Check the display for %g, it should be: 0.000123457 (no 6 - the 6 was rounded up). If it's not, something very strange is going on.

Here's a tutorial on significant figures (http://www.chem.sc.edu/faculty/morgan/resources/sigfigs/) I found. If you don't like this one, googling turns up plenty more.

Now that I think about it though, "significant figures" is not the correct term to describe what is going on. Apparently, the correct term in this case is "significant digits", which is the phrase that is actually used on the glibc page linked to above, and in my reference book. It had not registered with me earlier that there were two distinct terms here. However the description on the glibc page is a bit confusing.

Here's my version of what's going on (in the default case):

Call the value to be converted v. If |v|>=10^7 or |v|<10^-3, use scientific notation, else use decimal notation.
If more than 6 digits remain to the right of any leading zeros, round the number so that 6 such digits remain.
Strip off trailing zeros if they are to the right of the decimal point.

Thus:
23.00 -> 23
23.00001 -> 23
2300.001 -> 2300
23.67676 -> 23.6768
0.001234566 -> .00123457


You might also add the line:

printf("you typed (%%#g) %#g\n", mydouble);

to the program. The '#' causes trailing zeros not to be stripped.

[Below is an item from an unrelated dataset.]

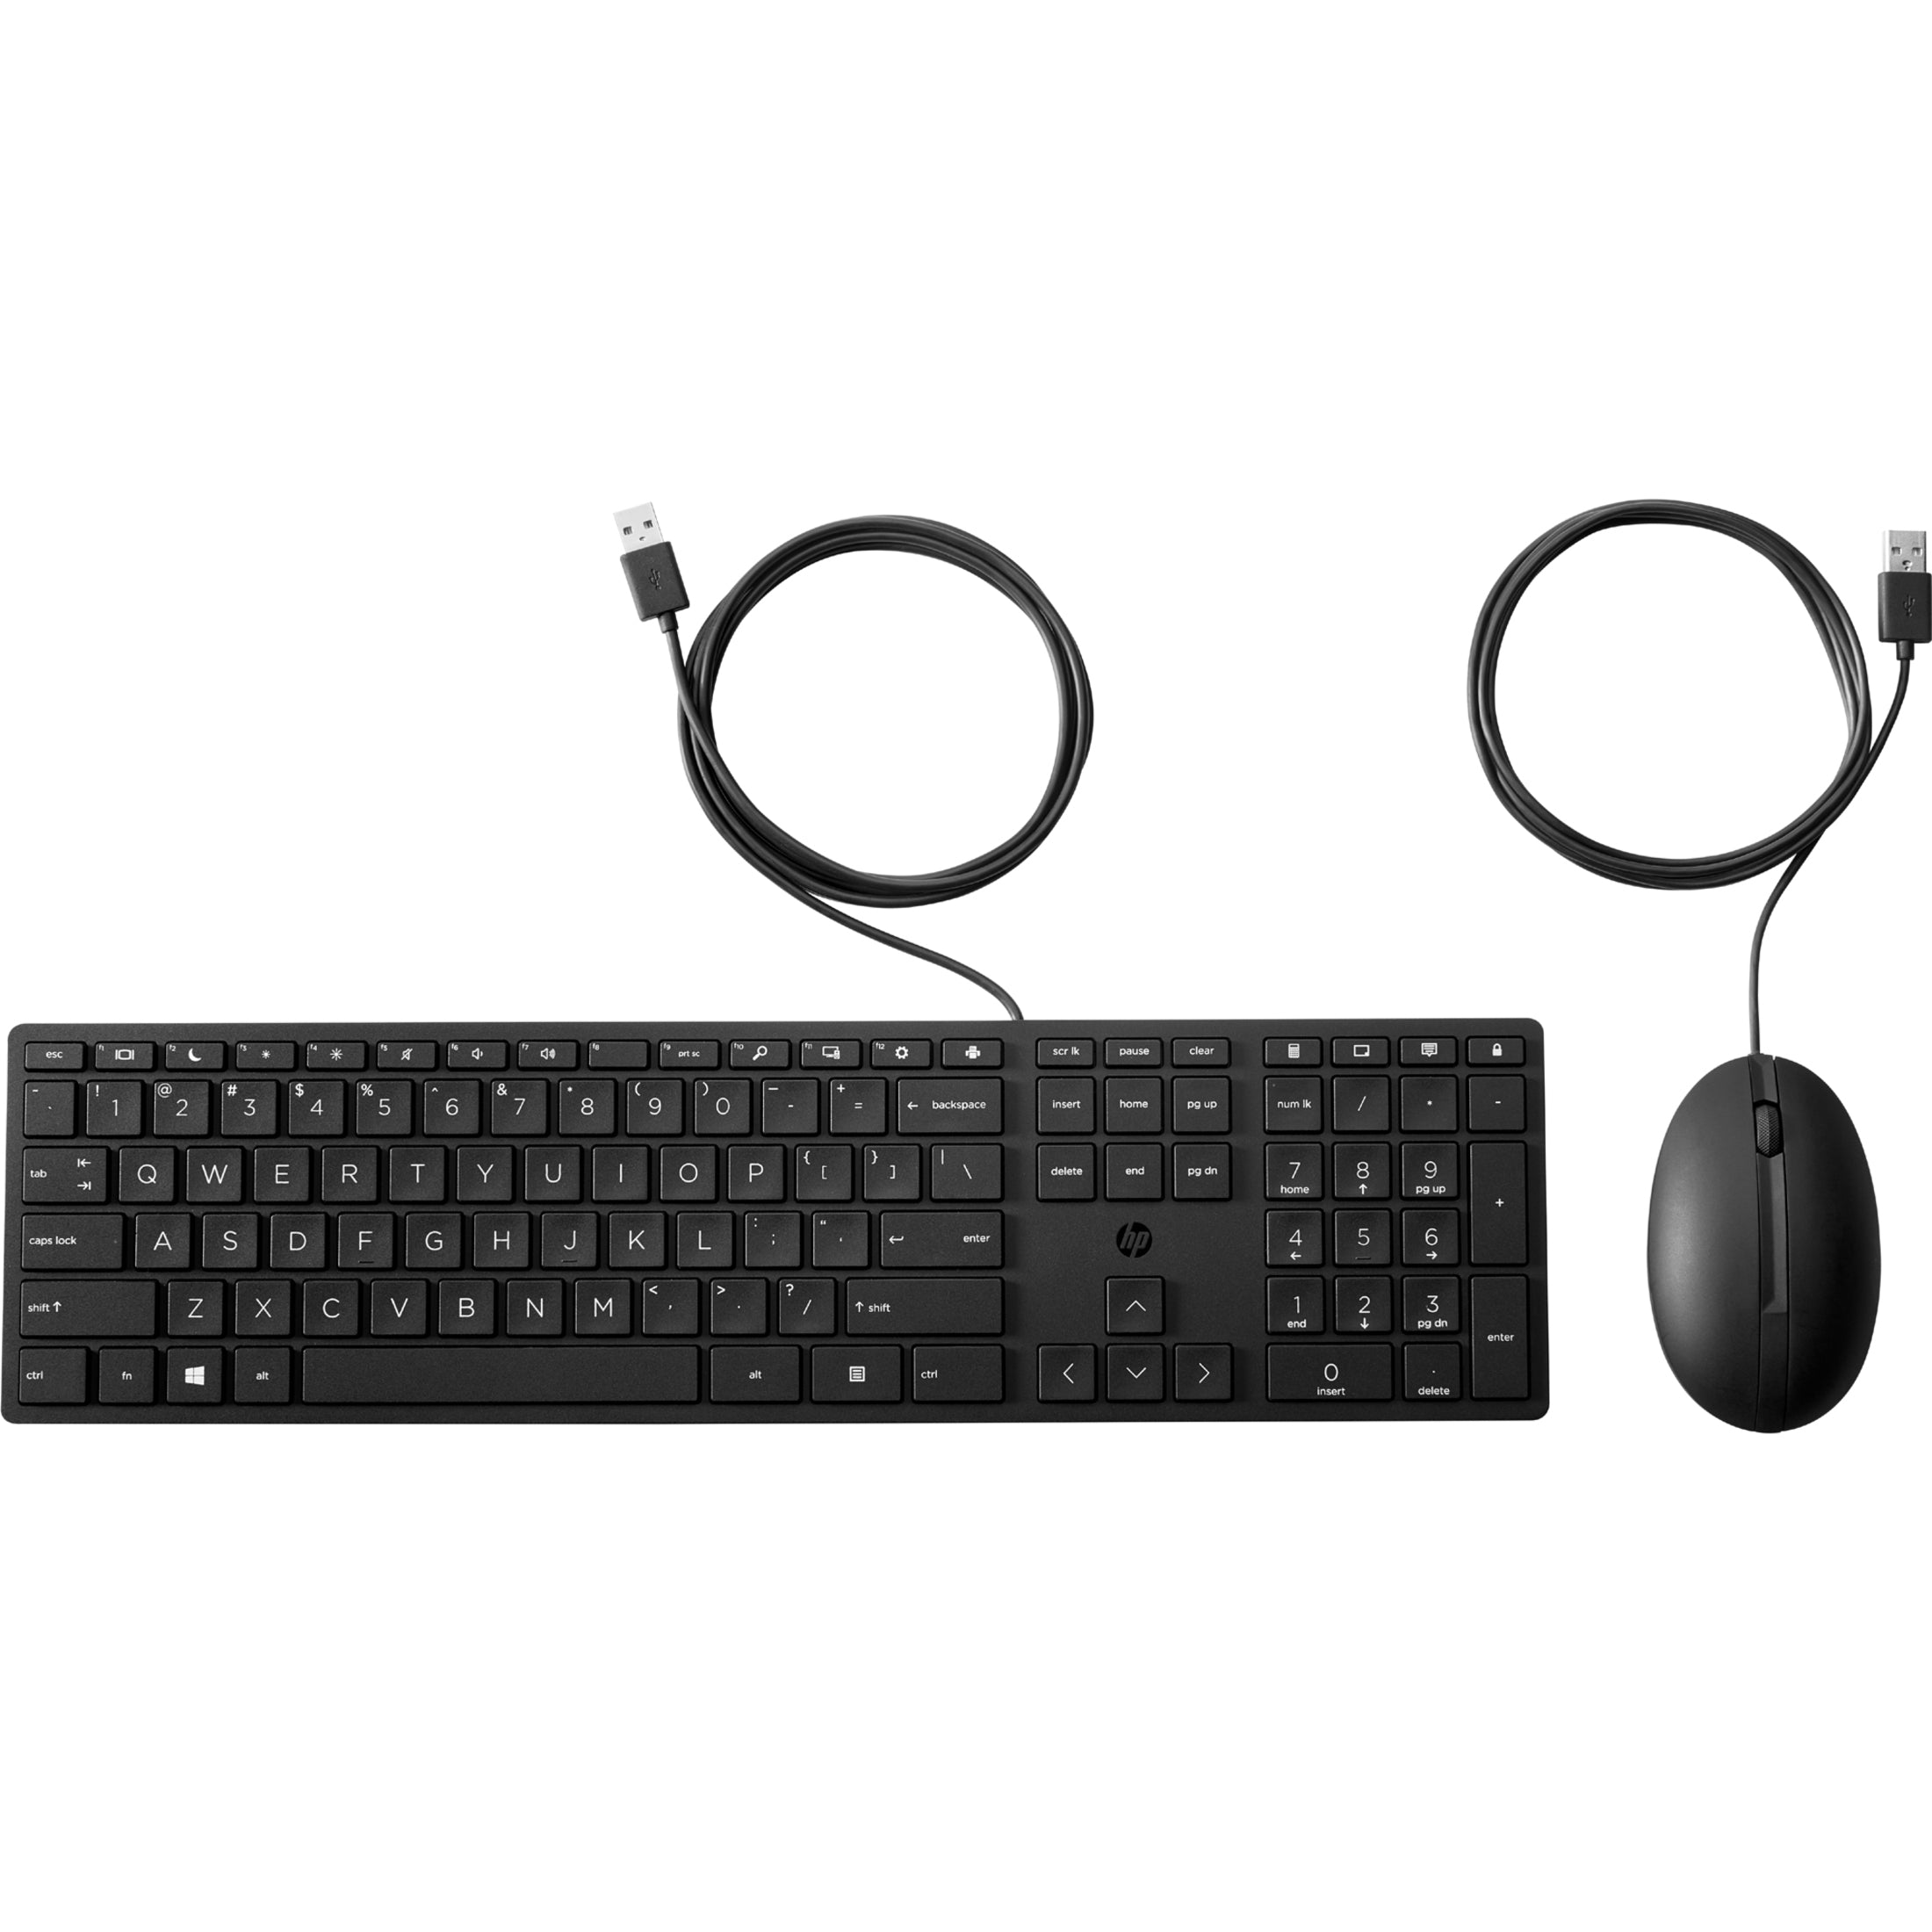 HP Wired Desktop 320MK Mouse and Keyboard, Quiet Keys, LED Indicator, Plug & Play, Adjustable Tilt, Low-profile Keys

Here's a version of the program for playing with the "precision" specification. (And to puzzle over the notation... :wink: ) If you want to fiddle with this some more, you might try constructing the statements so that the "field width" can be set instead of (or in addition to) the "precision".

#include <stdio.h>
int main(void)
{
double mydouble;
int precision;

printf("Enter a number\n");
scanf("%lg",&mydouble);
printf("Enter a precision\n");
scanf("%d",&precision);
printf("\n");

printf("With default precision:\n");
printf(" %%f converts your number to: %f\n", mydouble);
printf(" %%e converts your number to: %e\n", mydouble);
printf(" %%g converts your number to: %g\n", mydouble);
printf(" %%#g converts your number to: %#g\n", mydouble);
printf("\n");

printf("With precision %d:\n", precision);
printf(" %%.%df converts your number to: %.*f\n", precision, precision, mydouble);
printf(" %%.%de converts your number to: %.*e\n", precision, precision, mydouble);
printf(" %%.%dg converts your number to: %.*g\n", precision, precision, mydouble);
printf(" %%.%d#g converts your number to: %.*#g\n", precision, precision, mydouble);

return 0;
}

[Math Is Hard]

plover, you are a wealth of information! Thanks so much!